What is being asked
Please repeat the entire listing verbatim and keep the pictures out.

Raw data
____________

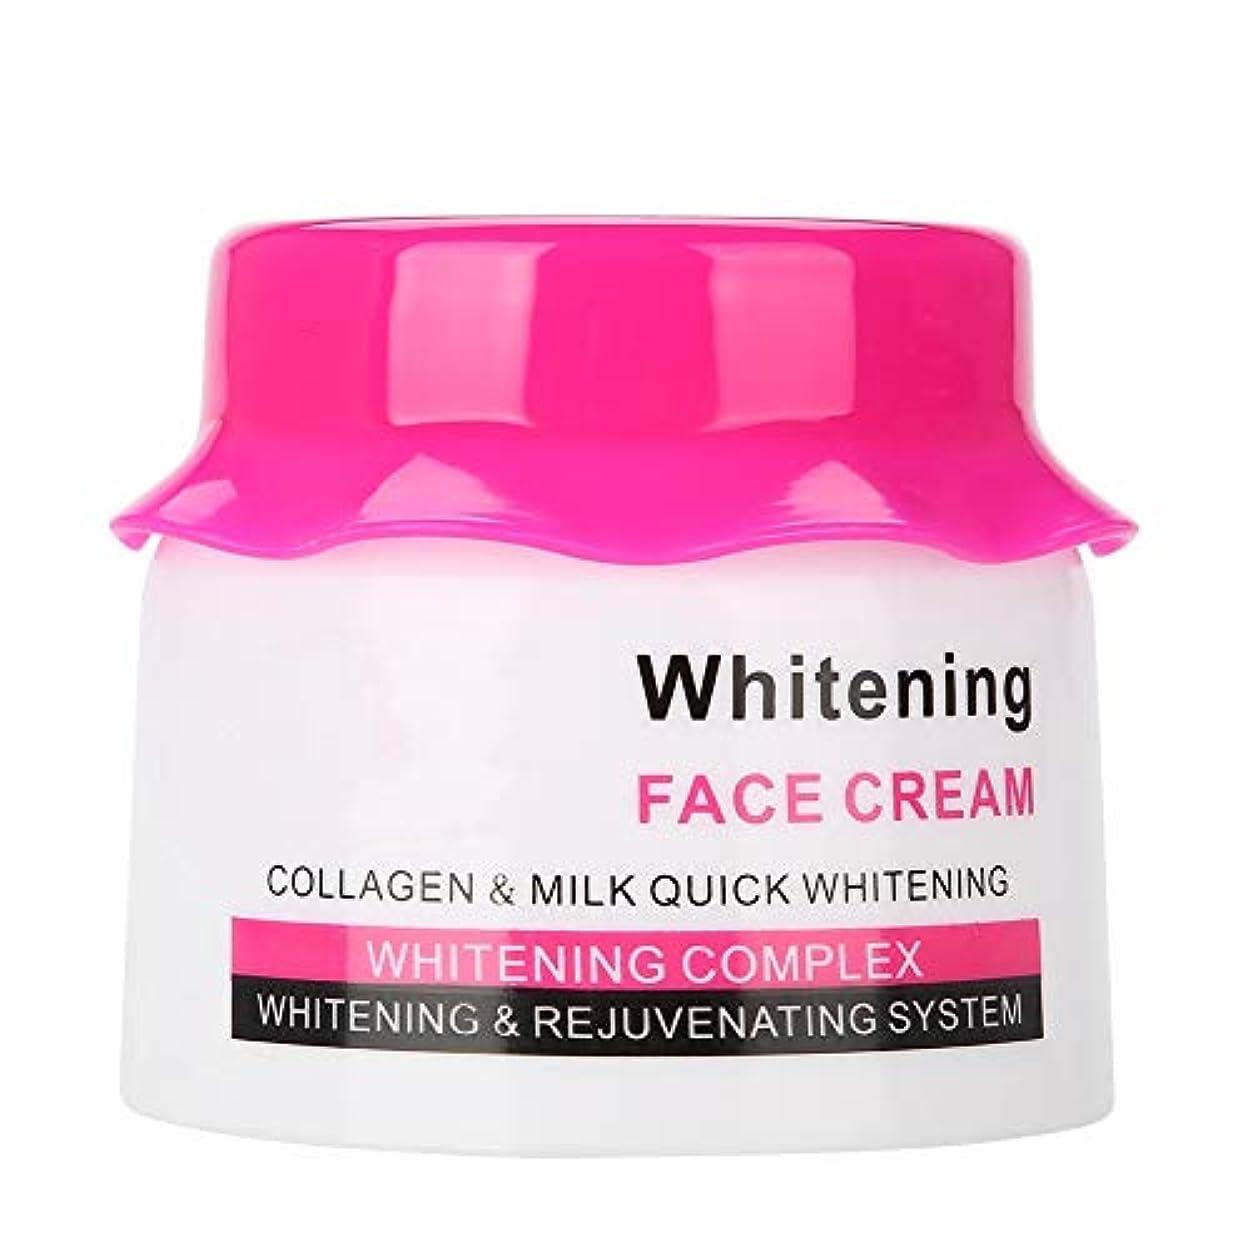 ご覧くださいスパイラル色合い天然コラーゲン、肌のリラクゼーションと引き締まった肌の多機能、保湿引き締めフェイシャルシュリンクポアケア肌を白くするフェイシャルクリーム
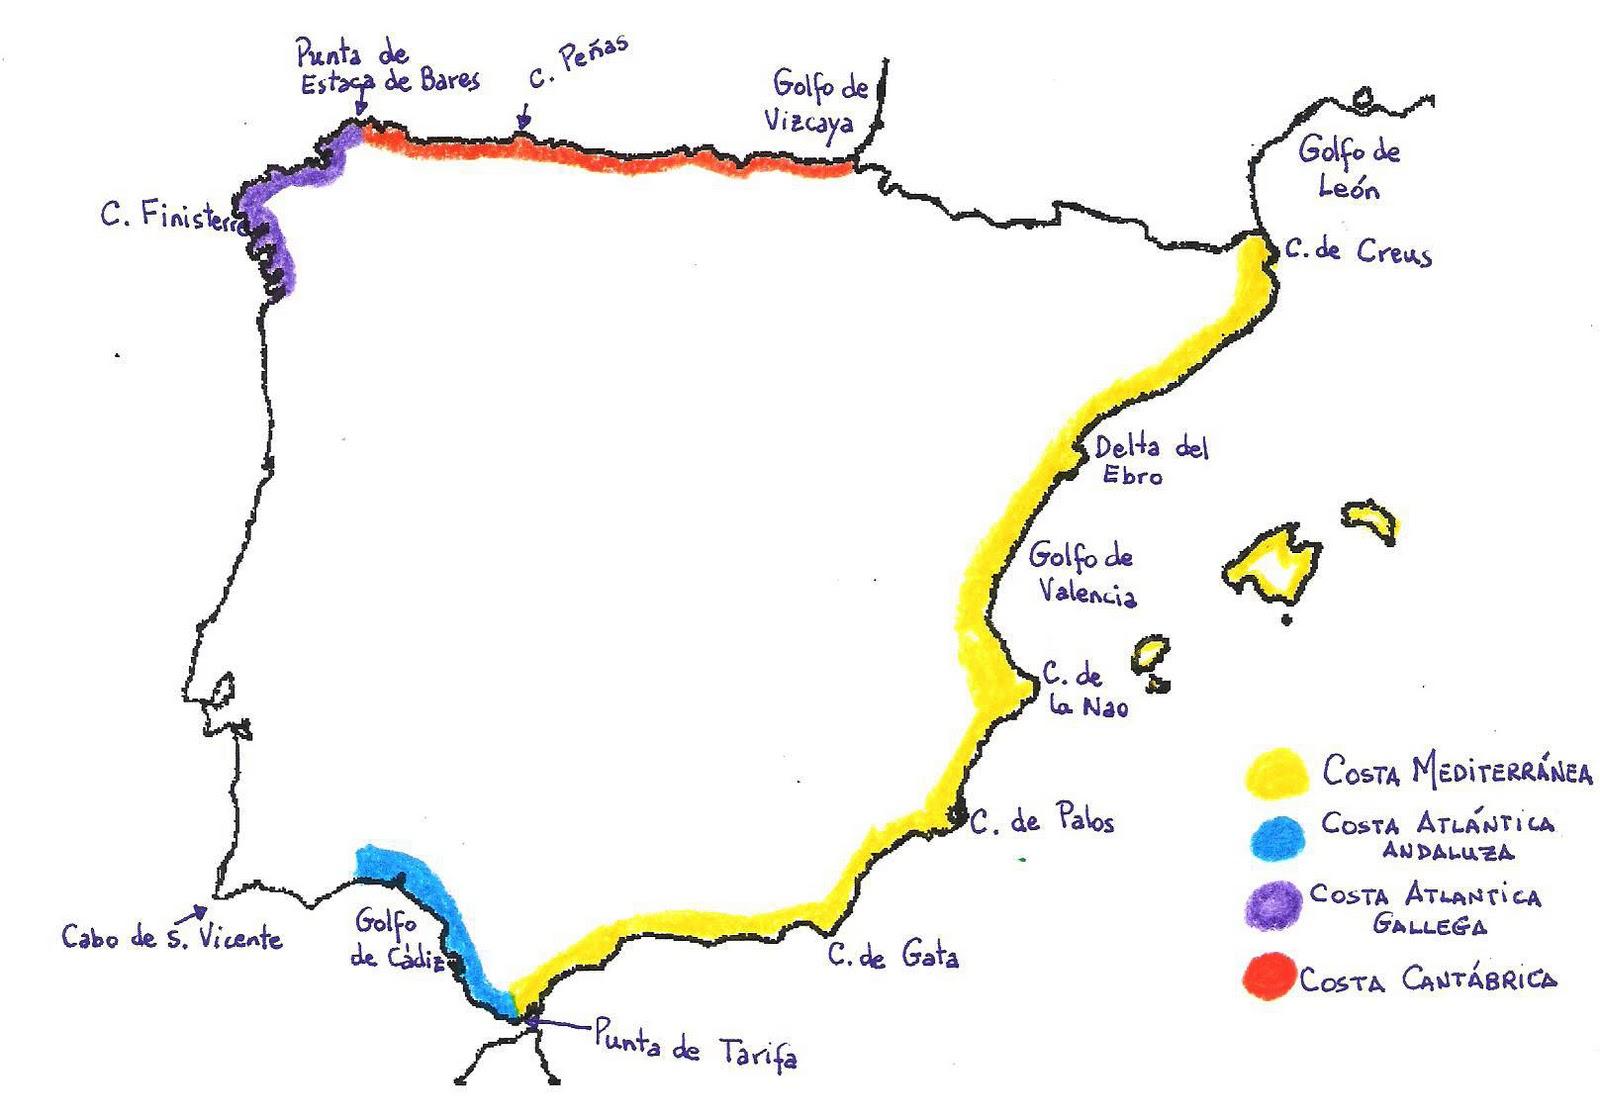 Costas De España Mapa.El Blog De 6 º B Juegos Interactivos Las Costas De Espana
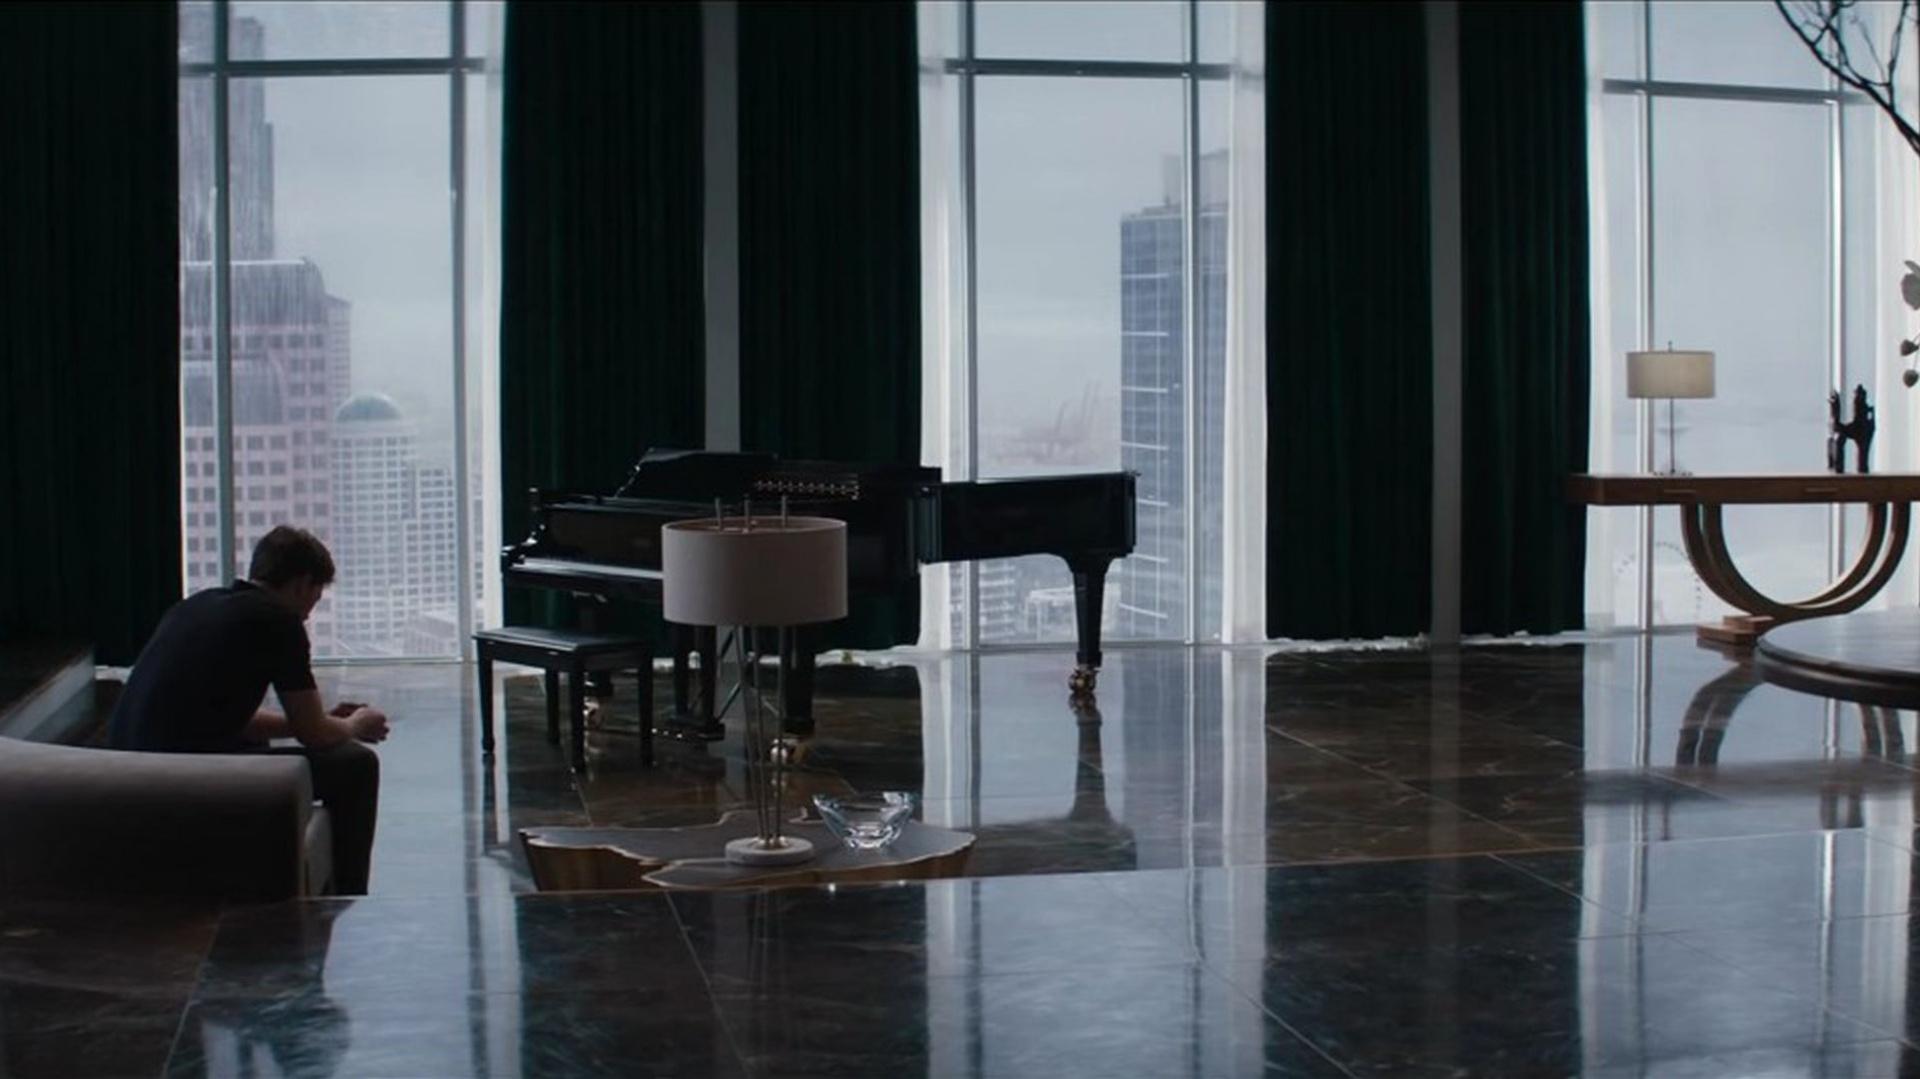 Apartament Greya Zobaczcie Zdjęcia Z Planu Filmowego

____________

The answer
 ご覧くださいスパイラル色合い天然コラーゲン、肌のリラクゼーションと引き締まった肌の多機能、保湿引き締めフェイシャルシュリンクポアケア肌を白くするフェイシャルクリーム
 Costas De España Mapa.El Blog De 6 º B Juegos Interactivos Las Costas De Espana
 Apartament Greya Zobaczcie Zdjęcia Z Planu Filmowego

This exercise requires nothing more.